Lo diceva ogni giorno. Ma non era solo una questione di abitudine.

Era… strategia.

Il posto davanti, accanto all'autista, non era comodo, non era panoramico.

Era funzionale.

1 : Solo lì la luce era spenta al mattino. Il resto del bus era un acquario acceso.

2 : Nessuno con un minimo di sanità mentale si siede accanto a un altro se c'è un posto libero altrove.

3 : I ragazzini sociali – quelli con le cuffie condivise e le voci da gallina – stavano sempre dietro.

Quindi niente mandrie rumorose di adolescenti

4: Il più importante: lì si sentiva protetto. Quasi… invisibile.

Arrivò alla piazzetta della fermata. Era ancora buio. I lampioni facevano quel tremolio da film horror, ma almeno c'erano.

I soliti.

Tre uomini in tuta da lavoro. In piedi, schiena dritta. Non parlavano mai con nessuno, solo tra di loro.

La ragazza asiatica. Sempre vestita troppo elegante. Tacchi anche con la neve.

Due ragazzi sulla panchina, gli zaini in grembo, la testa che ciondolava come se dormissero appoggiati al niente.

E poi…Un elemento fuori posto.

Una ragazza. Nuova.

(06:25 AM – Sotto al Lampione)

Noah la vide appena. Stava in piedi, distante, vicino al cartello della fermata.

Occhiali da sole.

Alle sei e venticinque del mattino.

Con le nuvole. Con la neve e fuori buio.

E al collo, un binocolo.

Non uno piccolo. Uno serio. Uno da "ti sto seguendo da giorni".

Era vestita come se fosse maggio.

Gonna, t-shirt, una camicia leggera, e sopra una felpa sbottonata.
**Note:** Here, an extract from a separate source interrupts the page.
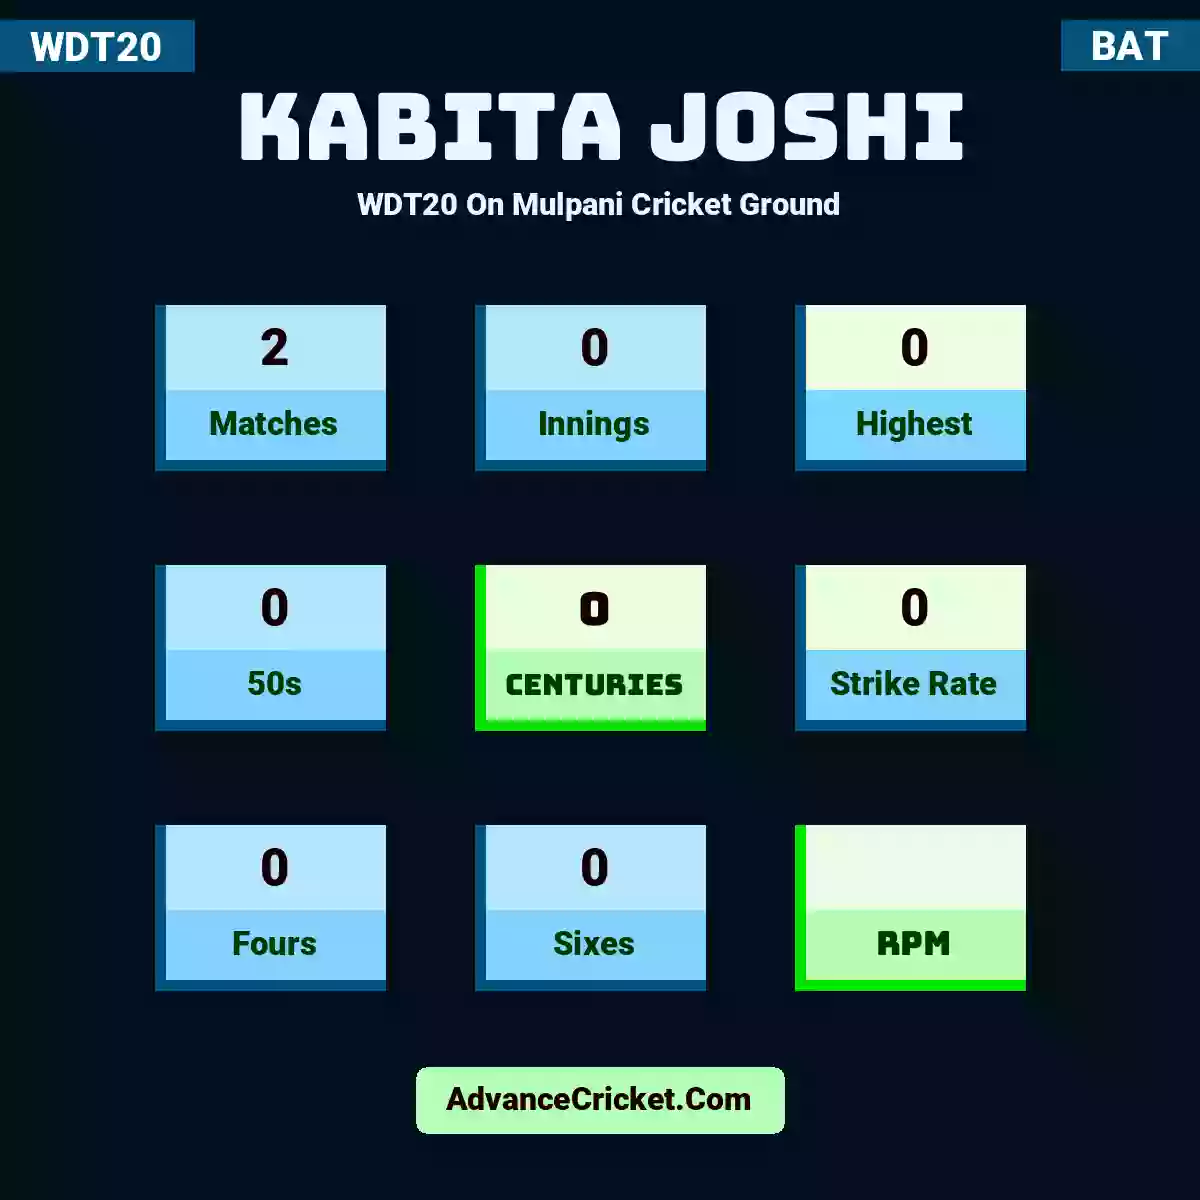 Kabita Joshi WDT20  On Mulpani Cricket Ground, Kabita Joshi played 2 matches, scored 0 runs as highest, 0 half-centuries, and 0 centuries, with a strike rate of 0. K.Joshi hit 0 fours and 0 sixes.

Pelle d'oca ovunque, probabilmente. O forse no. Forse era immune.

Che sia chiaro, pensò Noah "non è strano vedere gente nuova ogni tanto. Anche qui. Anche in un posto così poco abitato.

Gente che cambia scuola, o che sta da un'amica, o che prende l'autobus per sbaglio."

Ma questa qui…

Non era solo nuova. Era fuori contesto.

Non sembrava una ragazza. Sembrava una domanda.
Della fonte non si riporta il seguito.